# harrison lathe ?



## nightowl499 (Sep 20, 2013)

any one have experience with harison lathes , found a harison m three hundred looks to have all the goodies
any thoughts on these its a thirteen by forty ,


----------



## Brain Coral (Sep 20, 2013)

nightowl499 said:


> any one have experience with harison lathes , found a harison m three hundred looks to have all the goodies
> any thoughts on these its a thirteen by forty ,




I don't have personal experience with the Harrison lathes, but a friend of mine has one and claims that it is a very stout lathe for it's size.

Here's a link with info on that lathe. Is this the lathe that you're looking at ?

http://www.lathes.co.uk/harrison-m/page2.html

Brian


----------



## nightowl499 (Sep 21, 2013)

thanks brian yes thats the one i am looking at,  just like it with some extras has a real nice qctp on it 
would be a real step up from my  nine by twenty


----------



## nightowl499 (Sep 21, 2013)

Senna said:


> An enormous step up.
> If the price is right you should snap it up.



the price may be real right , the guy that has it bought a warehouse for his buisness and this was in it 
he thought it was a milling machine of some sort its just sorta in his way dont know what to offer and still keep a straight face.  may be cheaper than my little one


----------



## Carl (Sep 21, 2013)

Can't say about the one you are interested in, BUT if it's of the same  quality (I'm sure it is) as the one's at work.  The price could be  right, very right.

We have, at work, 2 - M500's and one 21".

They are about 30 yrs old, and not abused, and still hold very good on tolerances.
We are a job shop, we're not just making the same old little pieces, day in and day out.
Could bore you with a lot of details, not gonna do it.
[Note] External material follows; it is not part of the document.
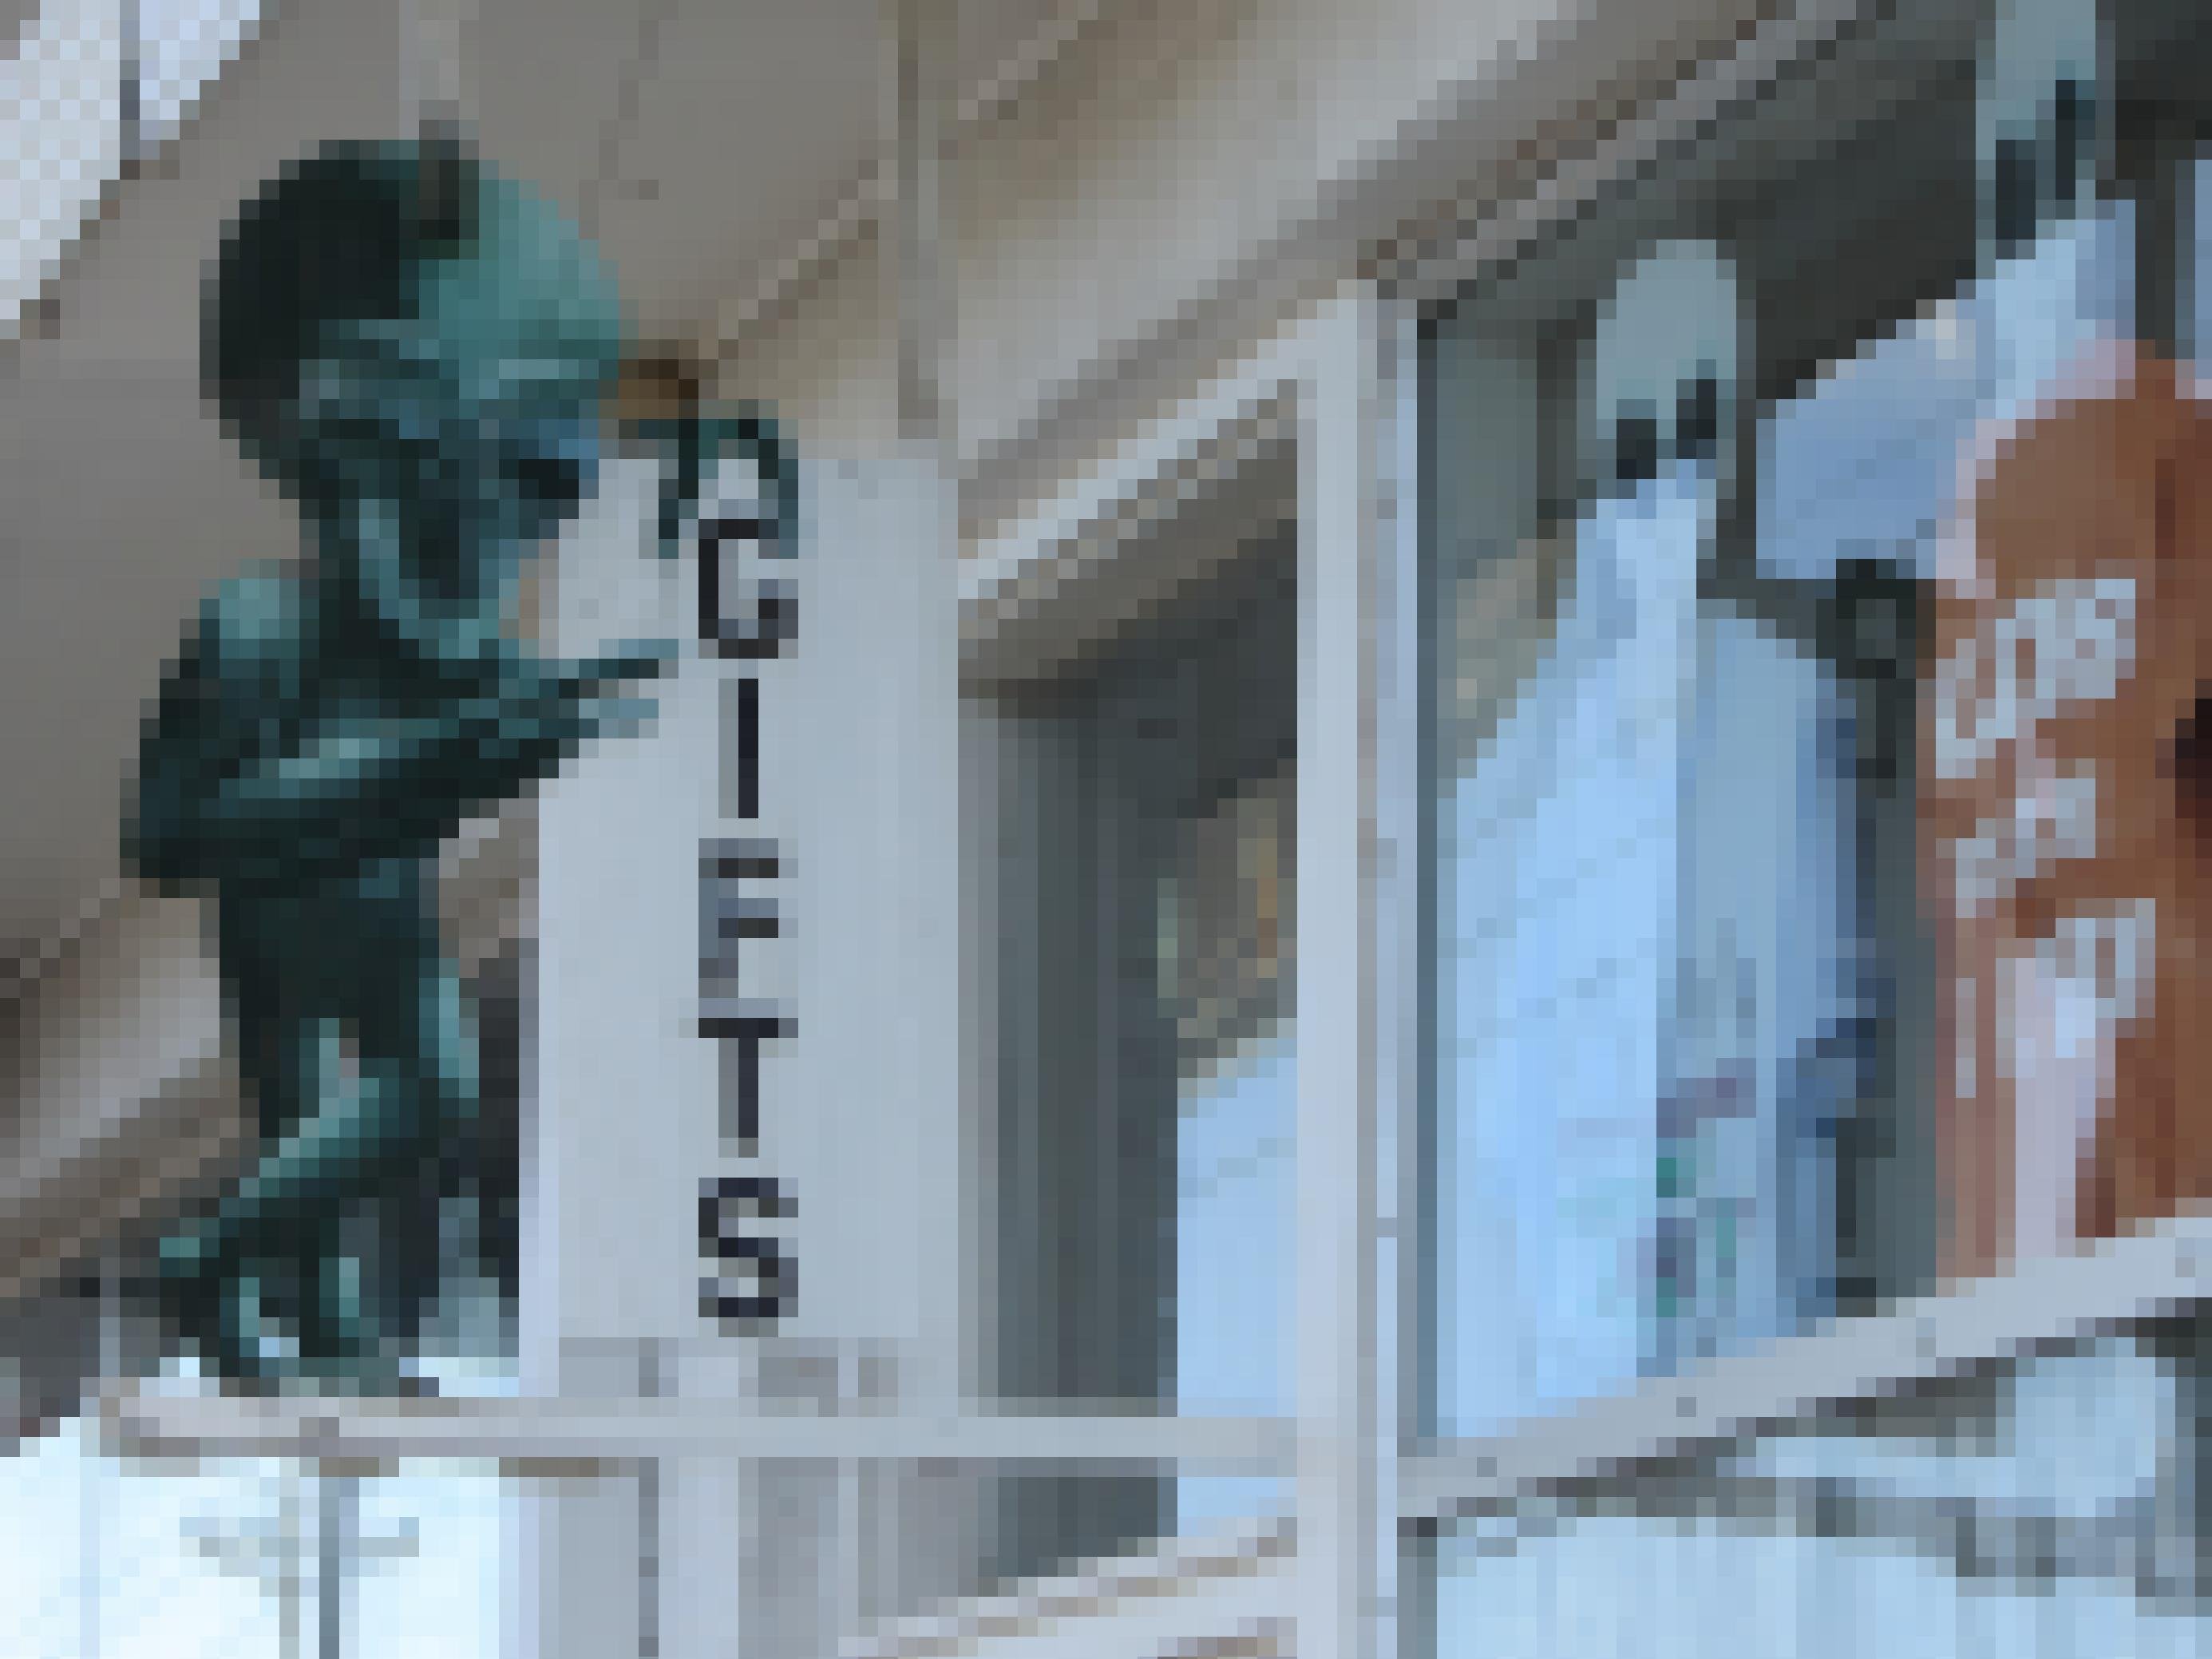 Fenster eines Souvenirshops mit Alien-Werbung.
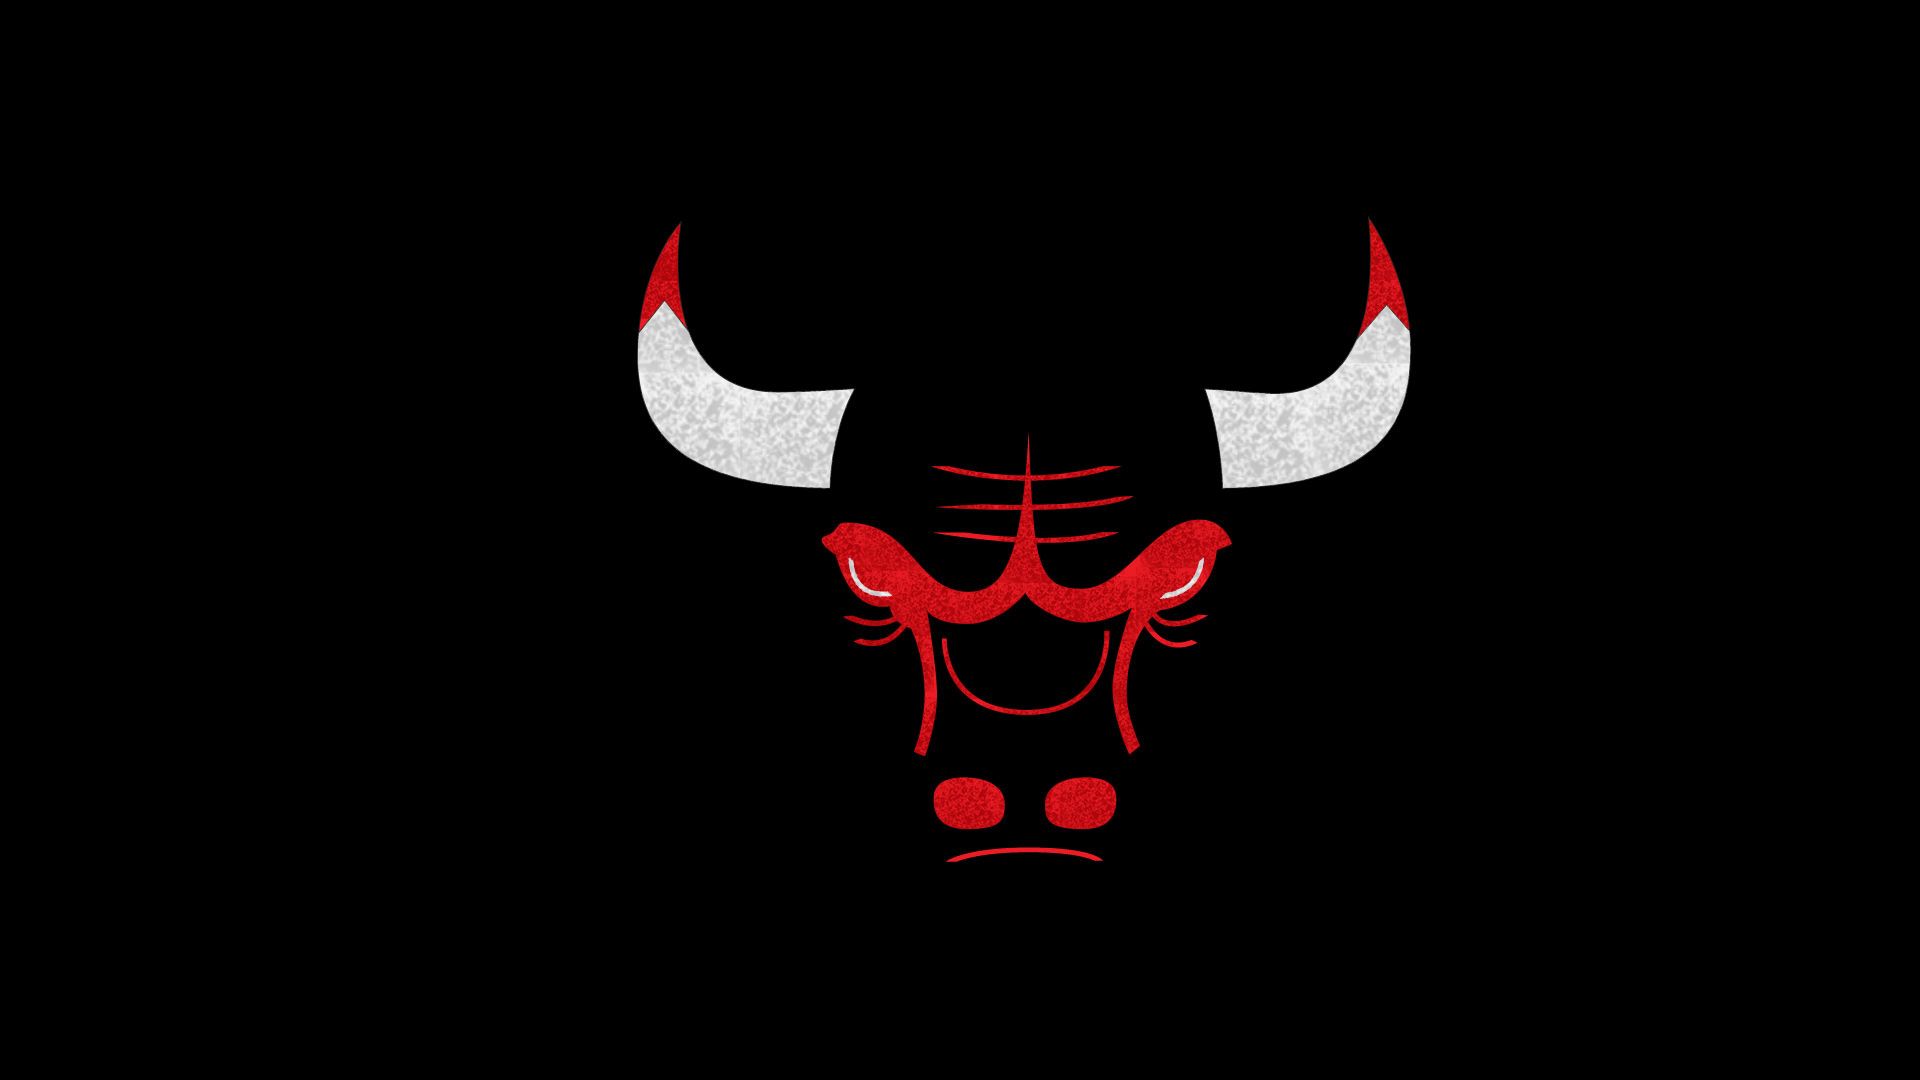 Fondo de pantalla de los Chicago Bulls 1920x1080

If I ever can afford a nice used Harrison lathe, I would buy, for now I'll stick with the 2 I have.

Definitely, check it under power if you can.  If it has been used a lot, expect some wear. Hopefully, it has hardened bed ways.  If you suspect bed way wear - run carriage up the the chuck end - finger only - lightly snug the carriage lock N back off a hair; now slowly move carriage to tail stock, this will give you an idea of wear.  Also, if you can, under power, try it out, run it thru feeding and threading.  Pull the end cover (head stock) look at the gears for broken teeth, oil seals leaking, etc.

Good luck.

carl


----------



## nightowl499 (Sep 22, 2013)

thanks for the good info Carl..  ill check the things you mentioned ,  all i know of it so far is it looked real clean had a nice quiks change tool post and appears to have a collet closer on it I haven't looked in the drawer to see what goodies may be in there. might be xmas haha

thanks again





Carl said:


> Can't say about the one you are interested in, BUT if it's of the same  quality (I'm sure it is) as the one's at work.  The price could be  right, very right.
> 
> We have, at work, 2 - M500's and one 21".
> 
> ...


----------



## bjornsh67 (Sep 24, 2013)

Hi there,

I hope I can chime in on this thread. I am not completely sure it is the right thread thou.

I found an old Harrison lathe on my local "Craigslist" - finn.no. I think it is an old Harrison 12"/13" Model L6 Mk.1 from 1970ish.(http://www.lathes.co.uk/harrison/page7.html)

The lathe has been in daily use until 1998. since then it has been used very little. The last five years, it has been stored in a dry garage covered with thick oil.

I have not seen or touched the lathe myself - but I will take a ride across Norway to inspect if this is a good project. 

The asking price is around 500USD. 

Here is a link to the old lady: http://www.finn.no/finn/torget/annonse?finnkode=44126053&searchQuery=dreibenk

I do have a lathe today, a Grizzly G9972z fitted with DRO and QCTP. I also have a Sherline lathe that I am quite happy with - for small work. I also have a Lagun FTV-1 mill and an old delta Milwaukee surface grinder.

Any advice on this potential deal?

Regards
Bjorn


----------



## yugami (Sep 24, 2013)

Harrison is a solid lathe.   The grizzly you have is a capable machine but it will look like a toy compared to a good harrison like you linked to.  The ultimate question is condition.  A clapped out harrison is not something you'll enjoy.  No machine is more precise than the ways themselves.


----------